→ **What you should do**
Beginning with the line containing "Europäischer Goldfink (Carduelis" and ending at the last line of the data, set down every line exactly, leaving out all pictures.

→ **Data for review**

------------------------

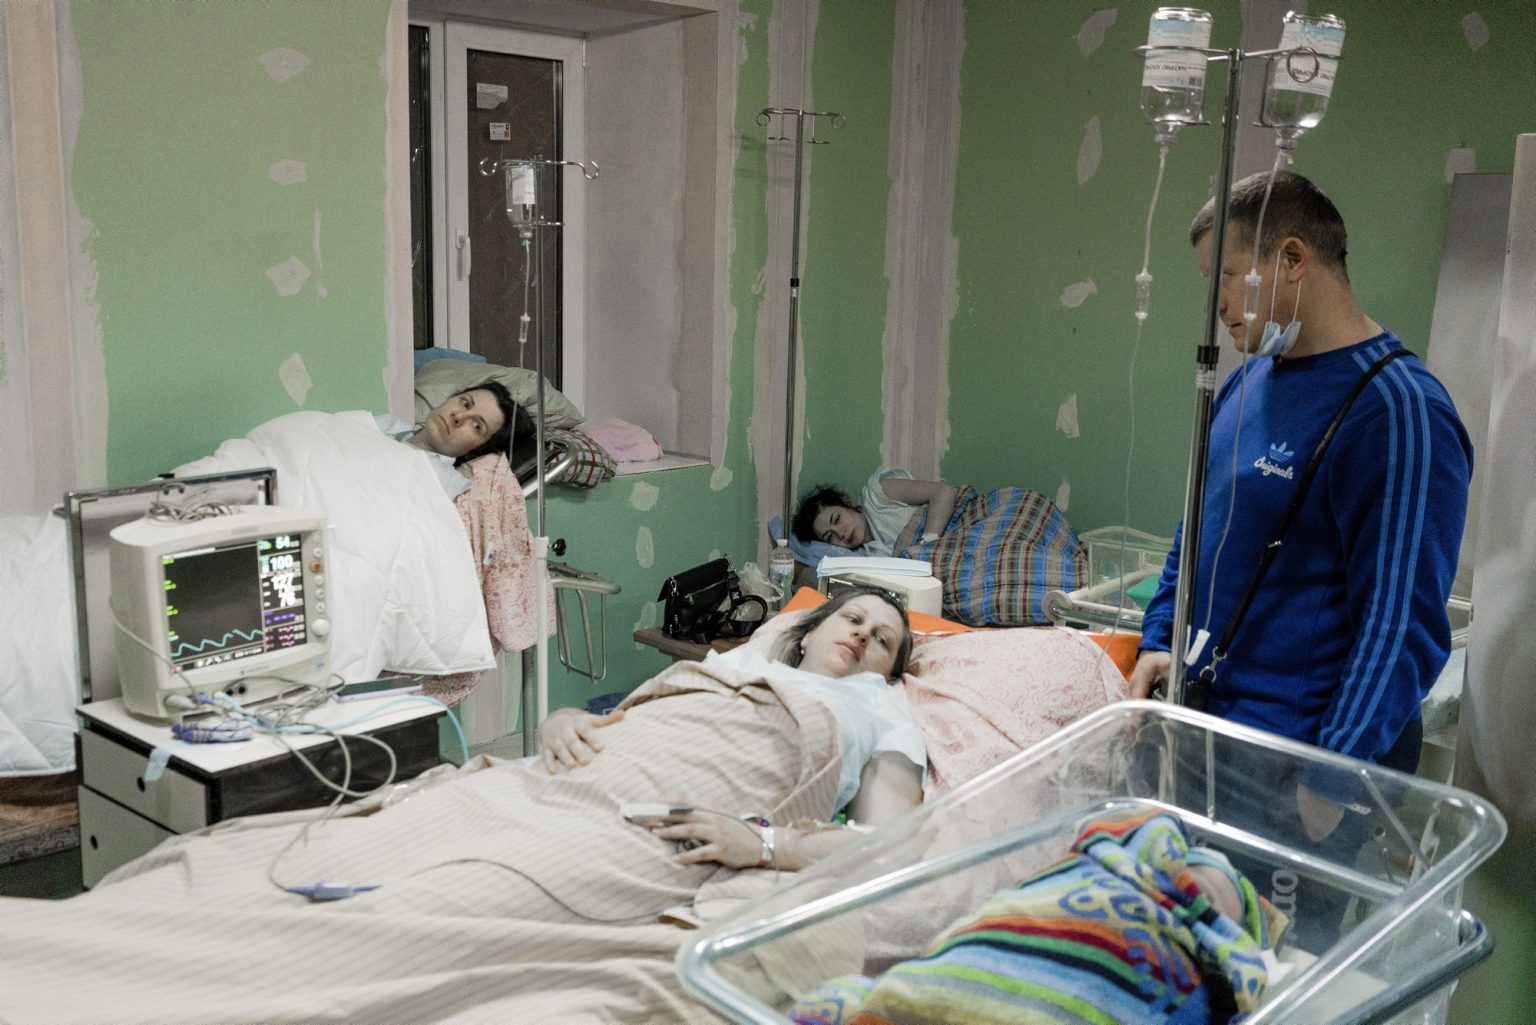 01563780 UKRAINE, Kyiv. March 02, 2022 - Women lay in a maternity hospital's basement used as a bomb shelter, in Kyiv.                   As Russia invades Ukraine, thousands of Ukrainians are fleeing the country to find shelter in bordering countries. 
---------
Con l'invasione russa ai danni dell'Ucraina, migliaia di ucraini sono in fuga dalla nazione d'origine per cercare rifugio nelle nazioni confinanti.*** SPECIAL   FEE   APPLIES *** *** Local Caption *** 01563780
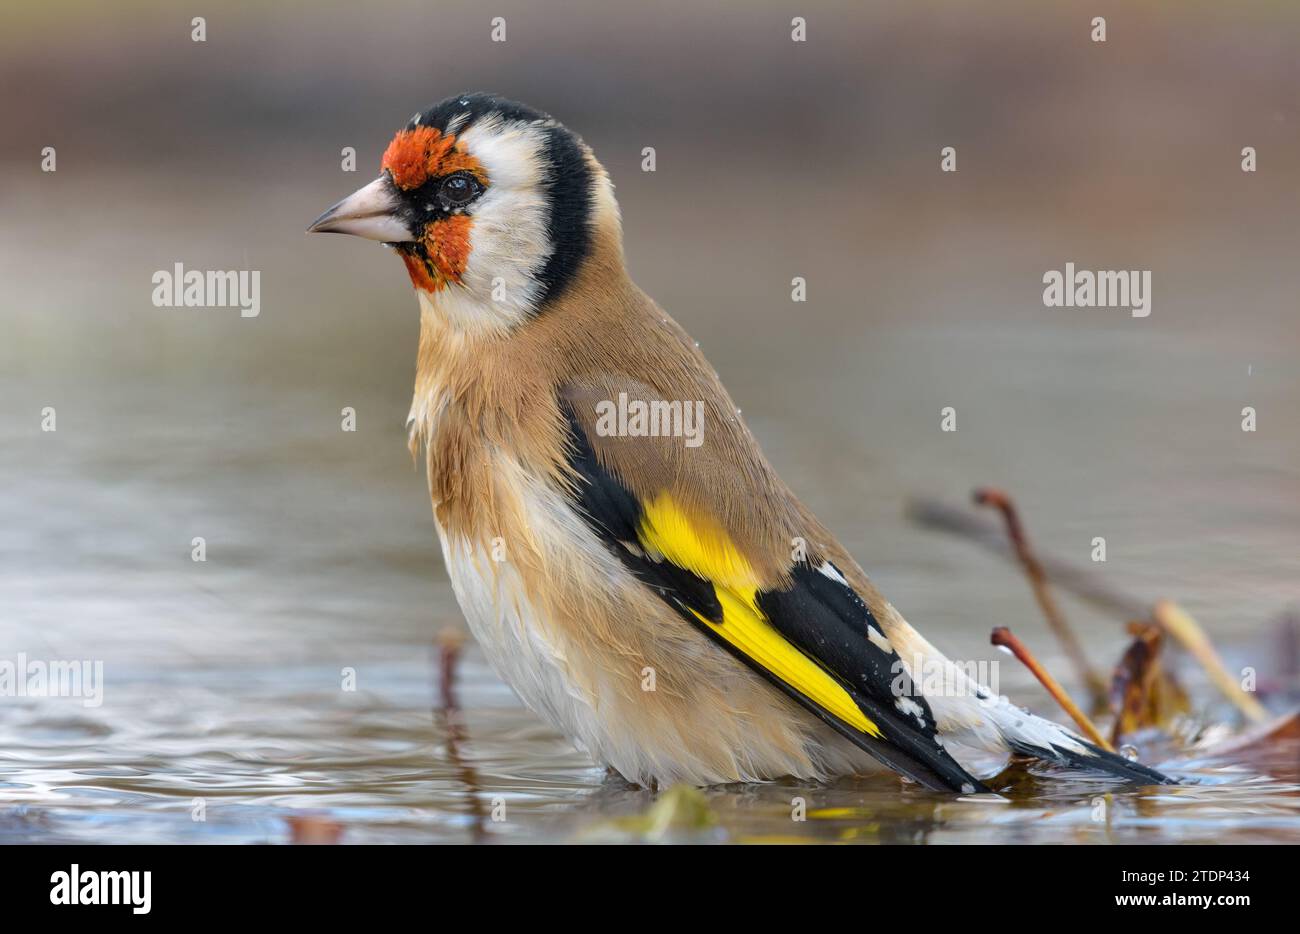 Europäischer Goldfink (Carduelis carduelis), der bei warmem Herbstwetter im Wasser eines kleinen Teiches baden kann Stockfoto
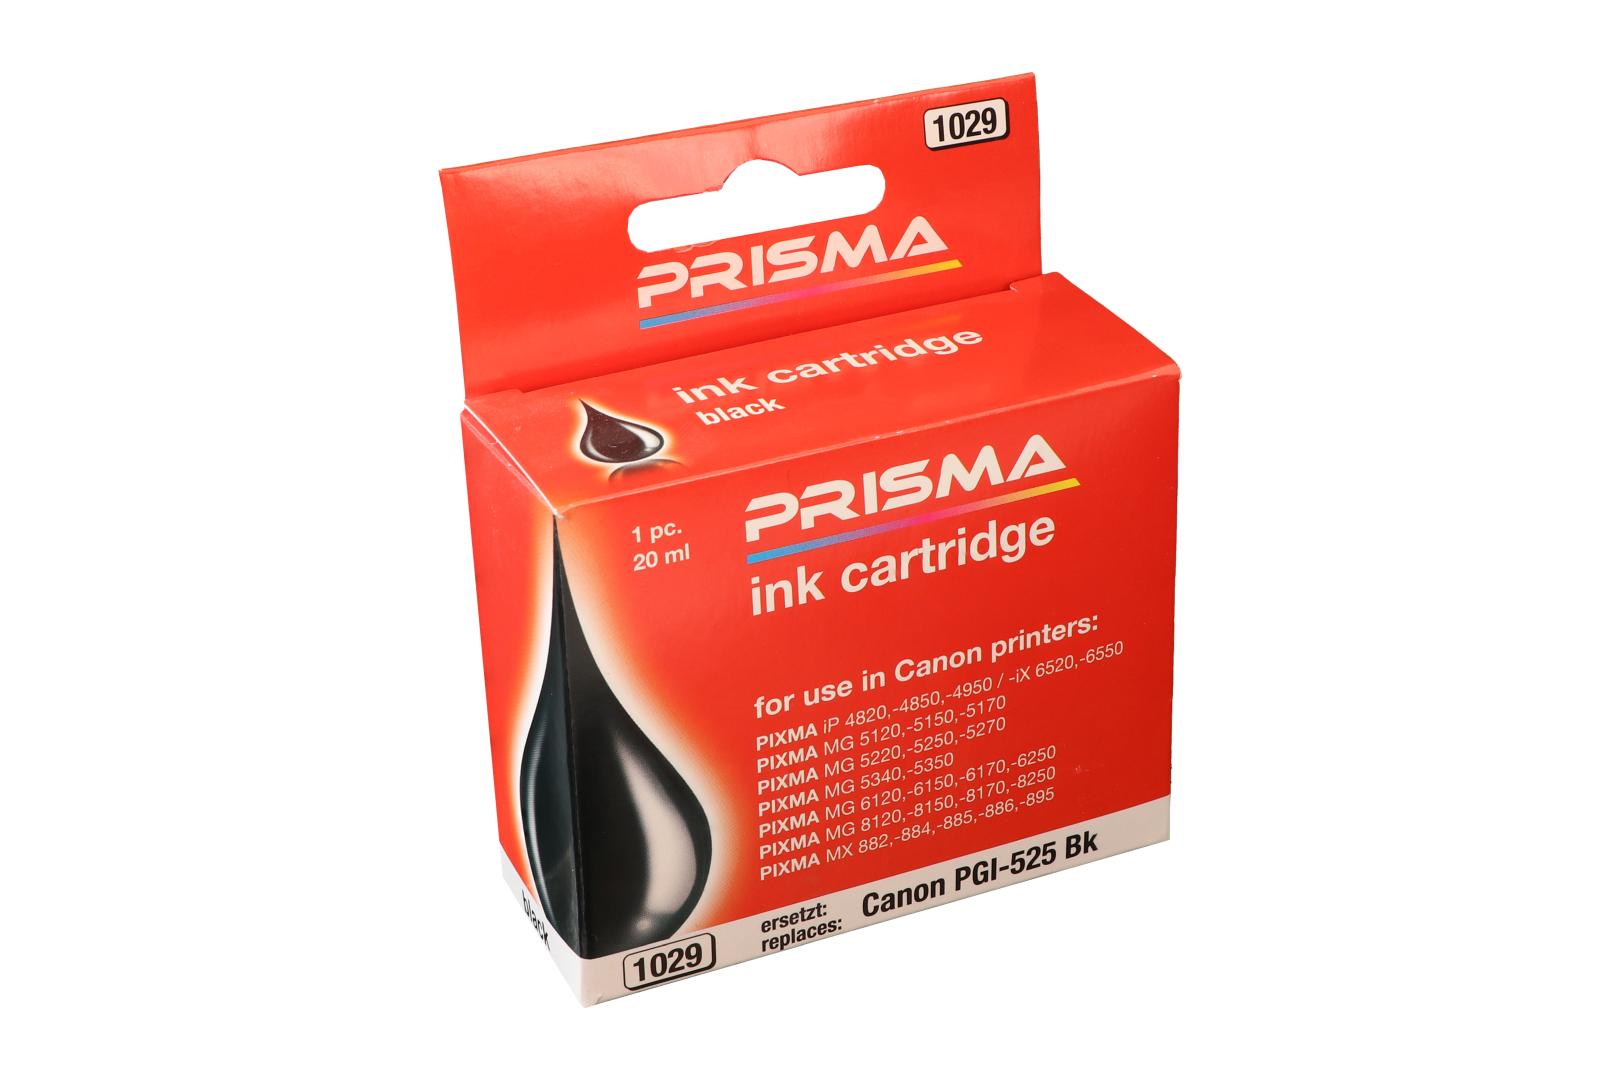 PRISMA 1029 Druckerpatrone für Canon Tintenstrahldrucker, schwarz, 20 ml
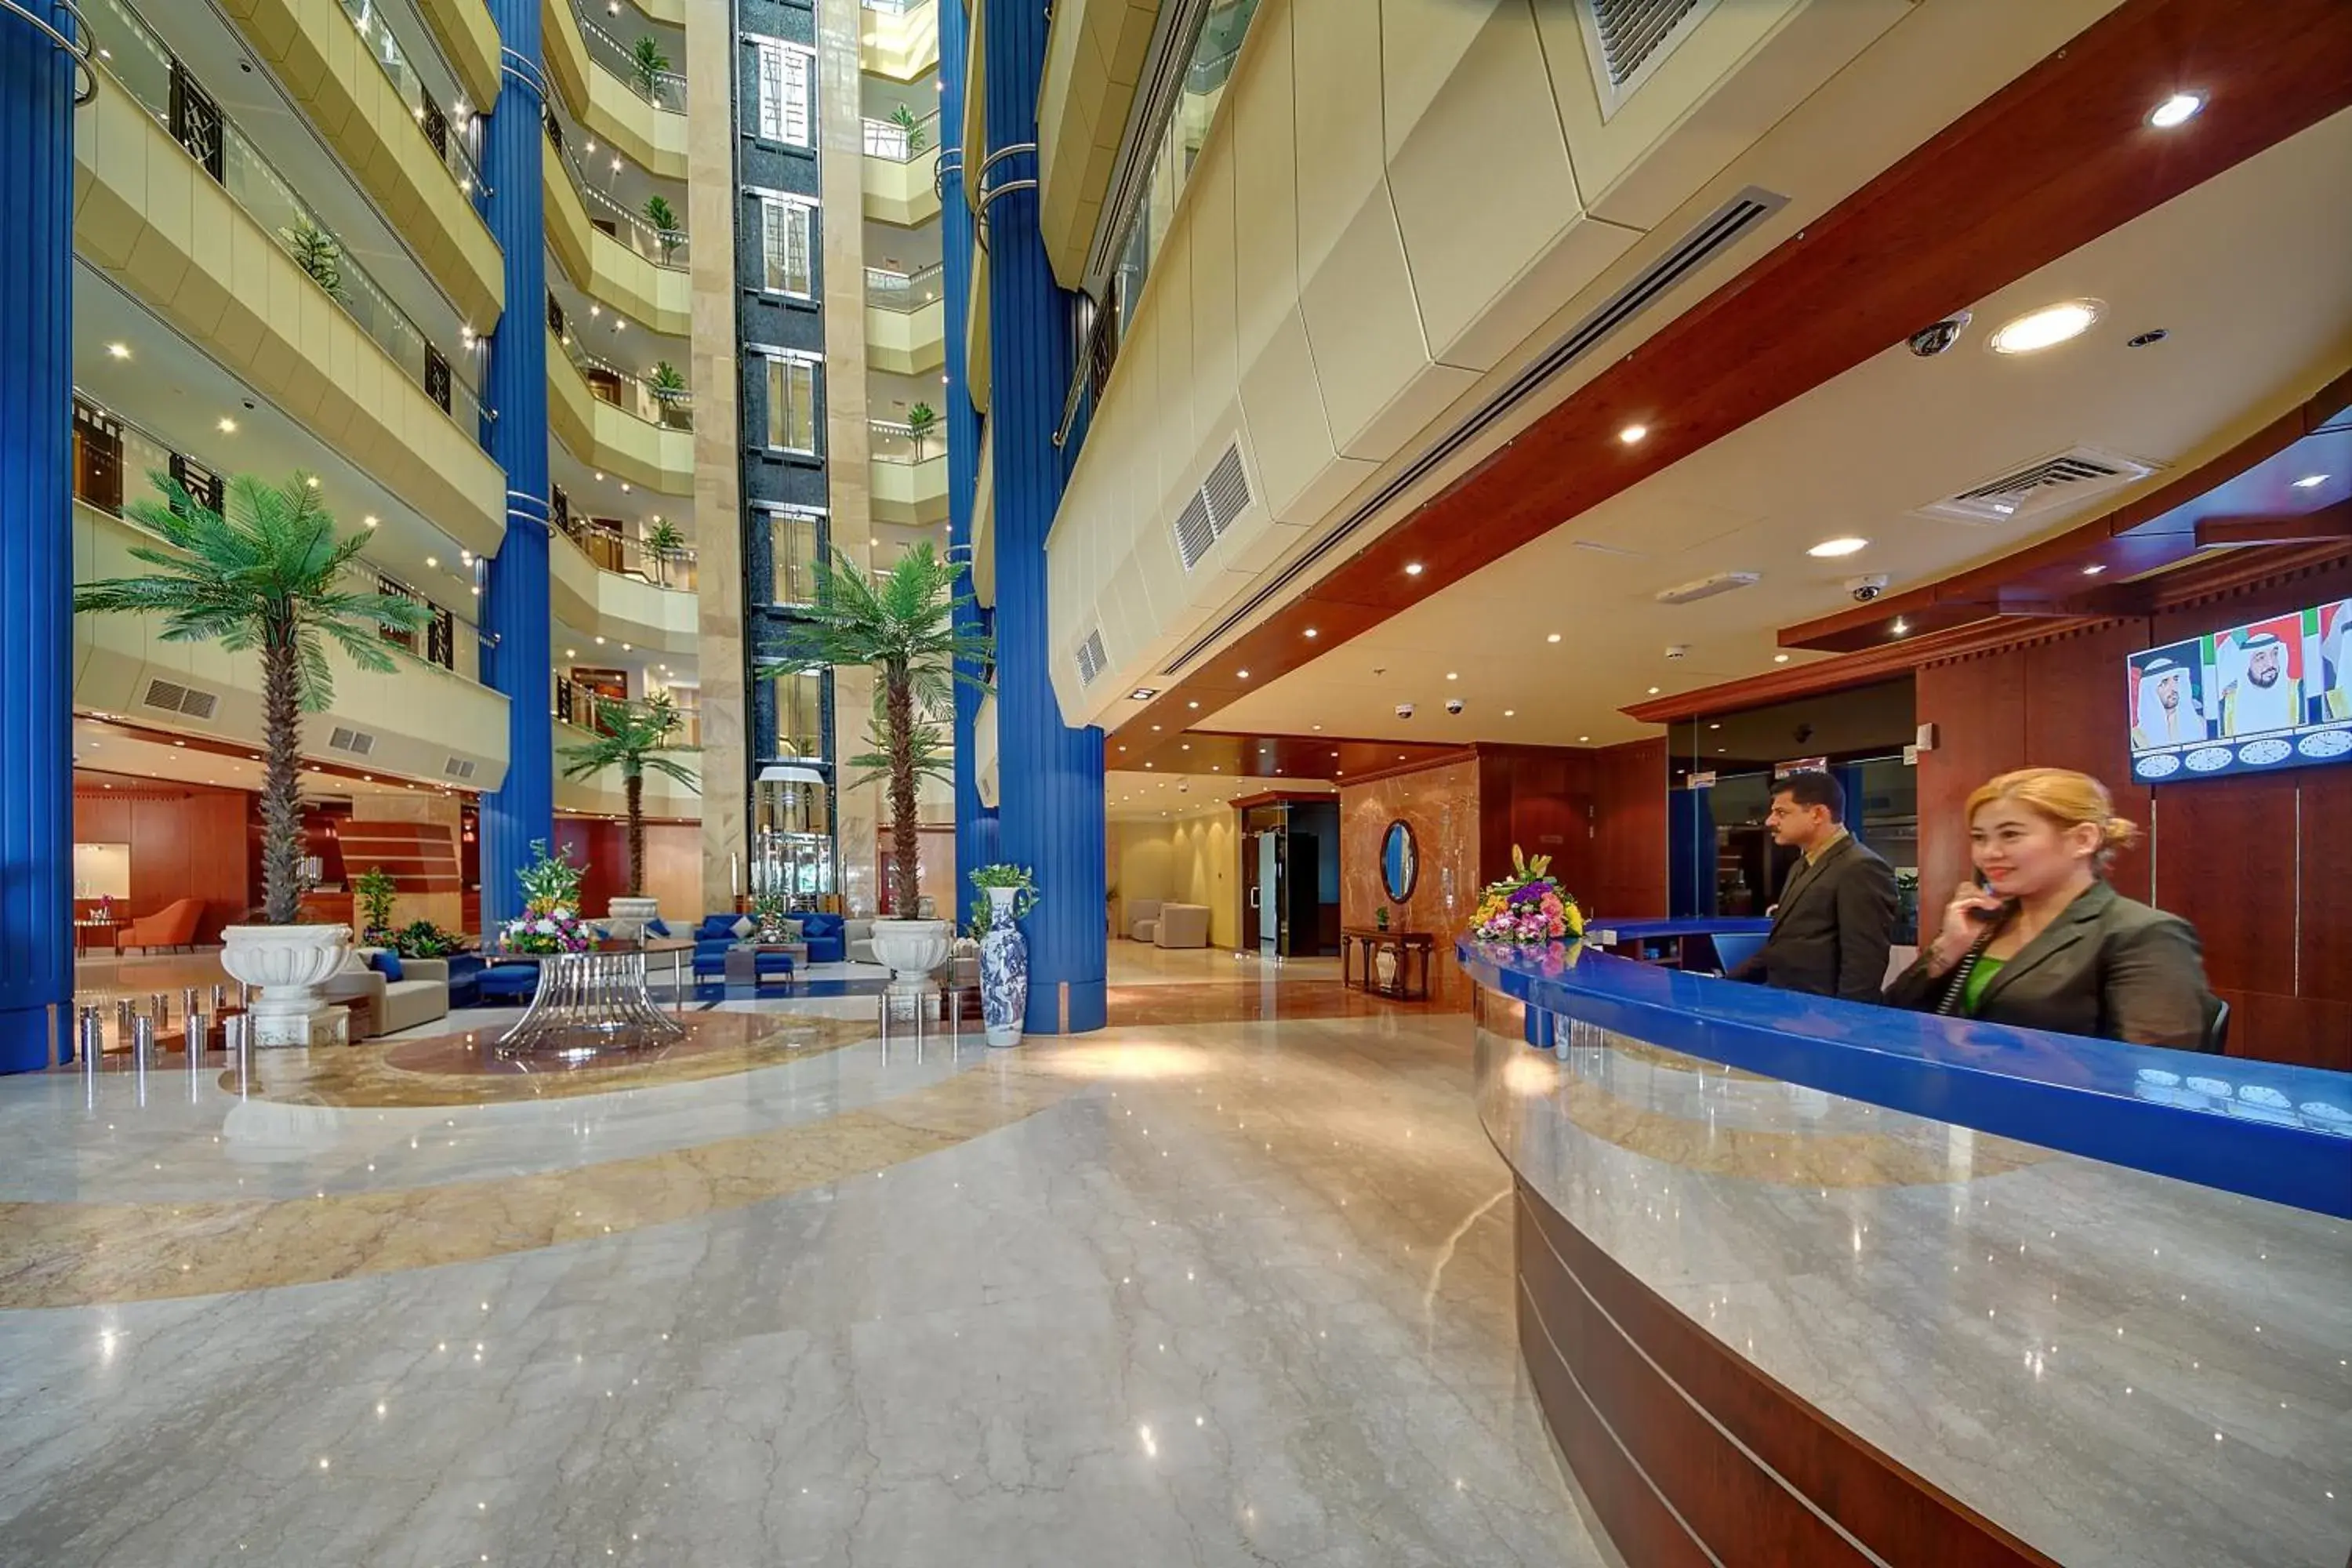 Lobby or reception in Al Manar Grand Hotel Apartment

------------------------

→ **Answer space**
 Europäischer Goldfink (Carduelis carduelis), der bei warmem Herbstwetter im Wasser eines kleinen Teiches baden kann Stockfoto
 PRISMA 1029 Druckerpatrone für Canon Tintenstrahldrucker, schwarz, 20 ml
 Lobby or reception in Al Manar Grand Hotel Apartment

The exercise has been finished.